● **Exercise aim**: Could you copy, word for word, only the lines from the one containing "Konya Milletvekili Nezir" through the last line of the records below, both included?

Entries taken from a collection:

========

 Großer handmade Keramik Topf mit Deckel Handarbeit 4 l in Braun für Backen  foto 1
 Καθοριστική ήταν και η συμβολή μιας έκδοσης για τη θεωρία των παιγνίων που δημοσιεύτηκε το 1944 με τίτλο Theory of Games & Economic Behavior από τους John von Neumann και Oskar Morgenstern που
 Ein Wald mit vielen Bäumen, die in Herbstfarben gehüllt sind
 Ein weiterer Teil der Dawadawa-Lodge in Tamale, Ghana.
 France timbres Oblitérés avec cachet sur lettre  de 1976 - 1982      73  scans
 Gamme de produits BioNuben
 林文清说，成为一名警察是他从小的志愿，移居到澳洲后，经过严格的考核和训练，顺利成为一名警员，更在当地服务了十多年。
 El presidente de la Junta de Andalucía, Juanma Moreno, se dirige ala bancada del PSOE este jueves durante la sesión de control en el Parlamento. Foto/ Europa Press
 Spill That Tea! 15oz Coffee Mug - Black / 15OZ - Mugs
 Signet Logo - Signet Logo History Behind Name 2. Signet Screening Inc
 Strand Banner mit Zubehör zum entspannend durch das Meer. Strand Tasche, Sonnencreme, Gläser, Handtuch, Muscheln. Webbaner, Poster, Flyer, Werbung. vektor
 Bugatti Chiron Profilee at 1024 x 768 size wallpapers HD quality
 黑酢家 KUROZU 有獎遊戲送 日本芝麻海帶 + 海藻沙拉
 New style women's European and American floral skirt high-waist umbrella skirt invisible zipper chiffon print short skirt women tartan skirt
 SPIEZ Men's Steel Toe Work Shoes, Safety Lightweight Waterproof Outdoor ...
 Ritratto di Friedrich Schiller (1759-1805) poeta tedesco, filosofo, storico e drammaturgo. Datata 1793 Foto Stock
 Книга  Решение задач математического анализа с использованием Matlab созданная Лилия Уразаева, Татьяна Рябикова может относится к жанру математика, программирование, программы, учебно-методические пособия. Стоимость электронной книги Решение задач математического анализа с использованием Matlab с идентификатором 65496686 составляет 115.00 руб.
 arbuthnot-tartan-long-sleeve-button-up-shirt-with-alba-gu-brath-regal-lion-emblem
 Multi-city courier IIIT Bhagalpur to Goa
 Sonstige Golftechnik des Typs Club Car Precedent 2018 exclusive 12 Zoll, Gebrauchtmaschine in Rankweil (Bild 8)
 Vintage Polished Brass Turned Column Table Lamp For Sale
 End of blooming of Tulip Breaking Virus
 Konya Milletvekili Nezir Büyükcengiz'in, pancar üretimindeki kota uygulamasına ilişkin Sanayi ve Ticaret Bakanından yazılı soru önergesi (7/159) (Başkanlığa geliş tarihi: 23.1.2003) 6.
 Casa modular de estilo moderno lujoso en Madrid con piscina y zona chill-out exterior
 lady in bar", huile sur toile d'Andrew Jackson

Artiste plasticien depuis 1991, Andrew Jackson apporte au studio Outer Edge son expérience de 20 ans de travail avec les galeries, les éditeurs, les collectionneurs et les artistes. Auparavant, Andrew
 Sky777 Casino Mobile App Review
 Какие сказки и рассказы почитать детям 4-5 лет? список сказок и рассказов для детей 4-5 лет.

========

● **Solution to this task**:
 Konya Milletvekili Nezir Büyükcengiz'in, pancar üretimindeki kota uygulamasına ilişkin Sanayi ve Ticaret Bakanından yazılı soru önergesi (7/159) (Başkanlığa geliş tarihi: 23.1.2003) 6.
 Casa modular de estilo moderno lujoso en Madrid con piscina y zona chill-out exterior
 lady in bar", huile sur toile d'Andrew Jackson

Artiste plasticien depuis 1991, Andrew Jackson apporte au studio Outer Edge son expérience de 20 ans de travail avec les galeries, les éditeurs, les collectionneurs et les artistes. Auparavant, Andrew
 Sky777 Casino Mobile App Review
 Какие сказки и рассказы почитать детям 4-5 лет? список сказок и рассказов для детей 4-5 лет.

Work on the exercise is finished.